For the night-time openings of the palace, 500 tickets are available to foreigners on a first-come, first served basis. Following advice from some of my well-wishers (who in previous years had insisted that I take regular vitamins to ward off MERS, and who would later insist that I get myself a face mask to protect my lungs from yellow dust) I took plenty of layers to wear. That was very good advice. Having got there reasonably early, I took a seat at the edge of the square pond from where there was a reasonable view of the Gyeonghoeru pavilion, and I was grateful for the warmth of my fleece as the temperature dropped.
It somehow felt odd when a full symphony orchestra filled the ground floor of the pavilion and launched into a familiar piece of western classical music. It was pleasant, but somehow I had been expecting something more traditional. I relinquished my seat and chose instead to stroll around the palace buildings, mingling with the crowds as the dusk turned to darkness.
When visiting the Royal Palaces at night, you are strongly advised to take a decent camera with a tripod to take atmospheric shots of the very photogenic scenes that present themselves. The palace buildings of course provide much interest in their own right, but equally appealing are the hundreds of young tourists dressed in hanbok. I must say that I felt slightly sleazy as I watched all the young Asian girls taking photos of each other wearing their colourful dresses.

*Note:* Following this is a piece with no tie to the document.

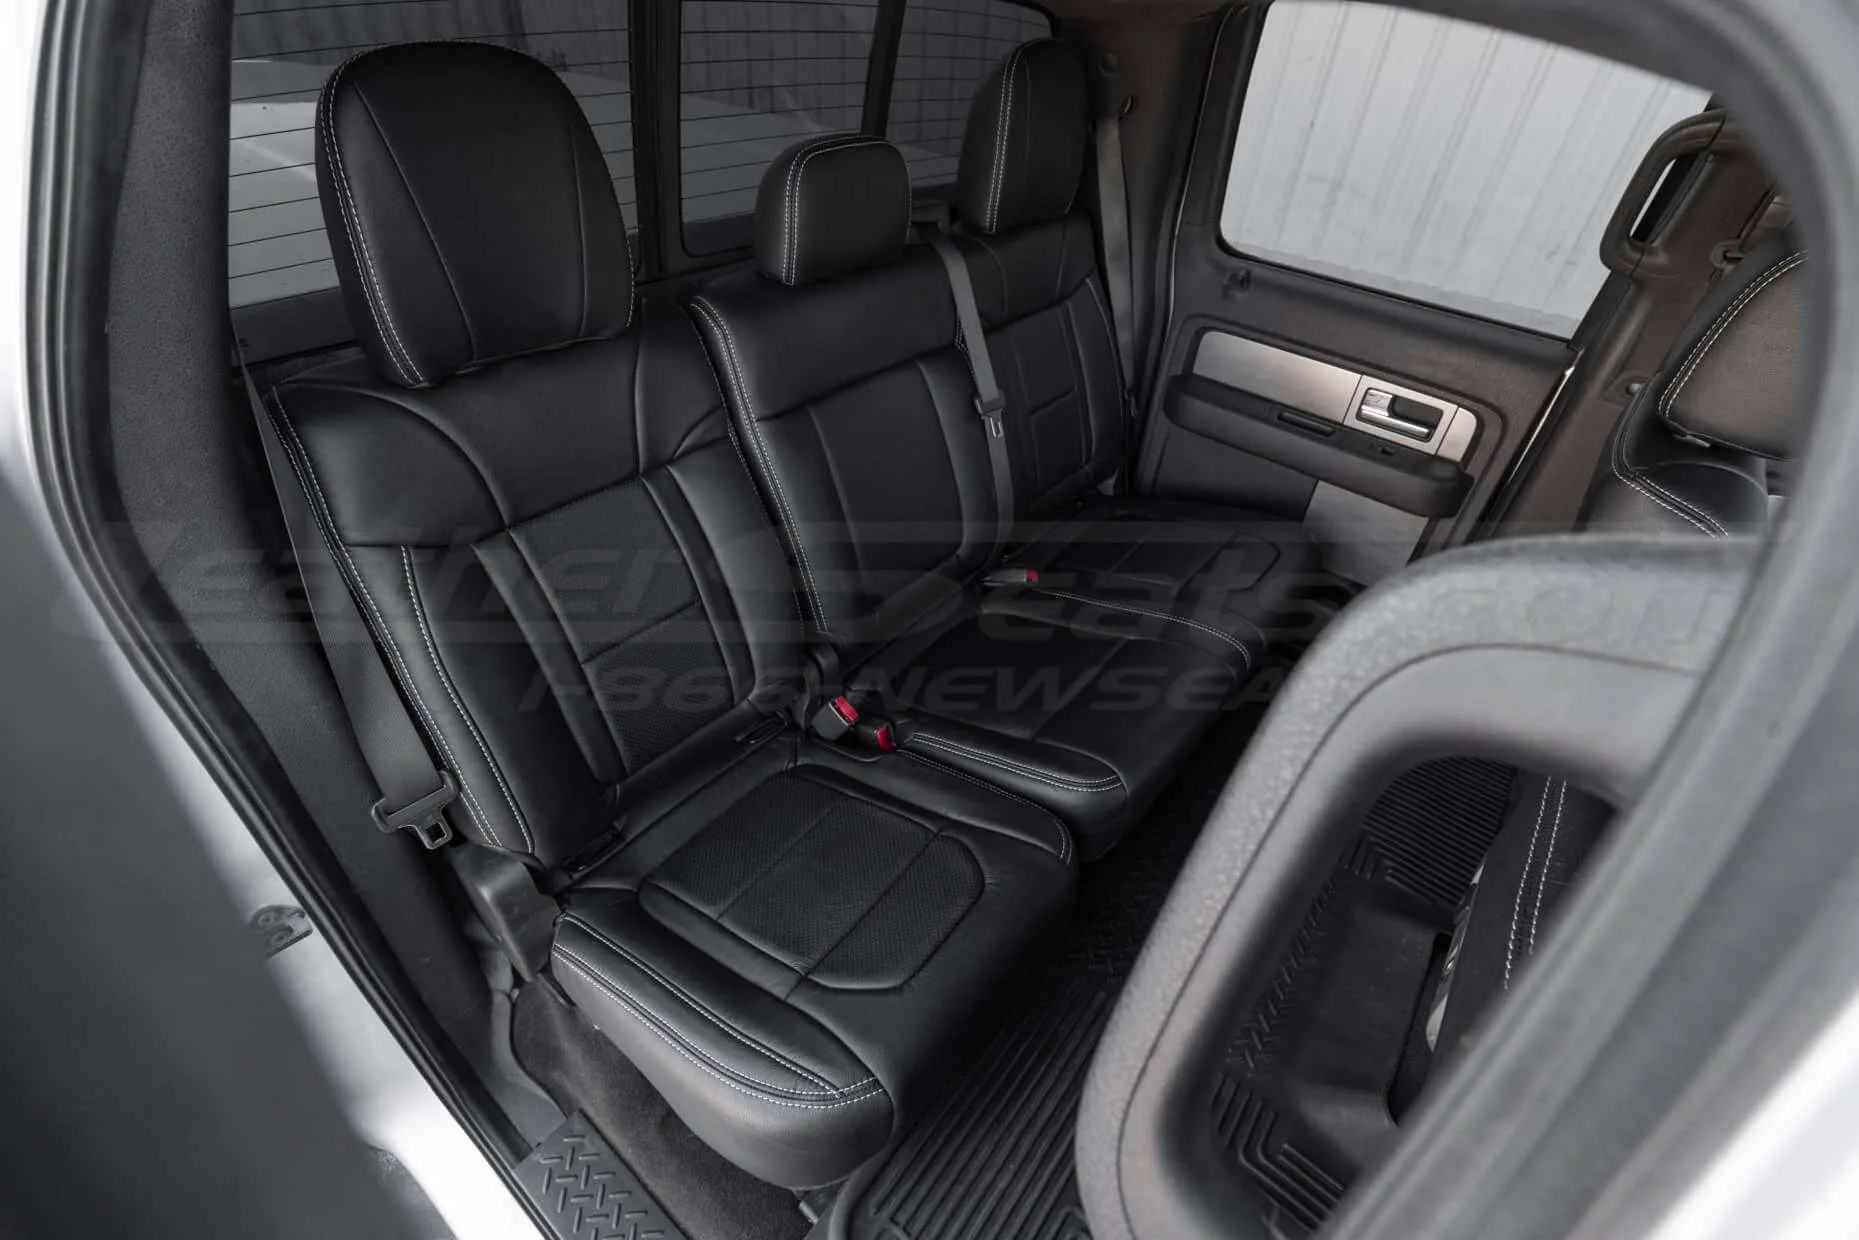 2009-2014 Ford Raptor SuperCrew with custom Black leather seats - Rear seats from passenger side

Later in the week I was chatting over dinner with a Korean friend of my own age about how I felt like a dirty old man as I enjoyed the views that evening; I was comforted when she said that in Korea it’s OK for middle-aged men to appreciate the beauty in young women (how else would K-pop girl bands find their popularity, I guess?). I was also comforted by the words of Ko Hyeong-ryeol in his poem Human Flower:
Even though people say peony flowers are lovely,
They are not as lovely as the human flower, a young maid.

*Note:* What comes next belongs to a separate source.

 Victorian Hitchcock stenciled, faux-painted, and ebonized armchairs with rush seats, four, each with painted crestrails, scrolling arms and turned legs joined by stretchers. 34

Everyone, turn into old men and look,
Is there anything as lovely as a human flower?
from Human Flower, by Ko Hyeong-ryeol, tr Br Anthony of Taizé and Lee Hyung-jin
in the collection Grasshoppers’ Eyes, Parlor Press, 2017
The sounds of Elgar’s Enigma Variations started wafting over the palace rooftops and I returned to the pavilion to enjoy this unusual Anglo-Korean experience spanning the centuries and continents. It was the perfect, extremely peaceful end to a very long day as I walked back to the Jogyesa area in contemplative mood. The next morning my dear friends would be coming to pick me up for a drive to Jeonju.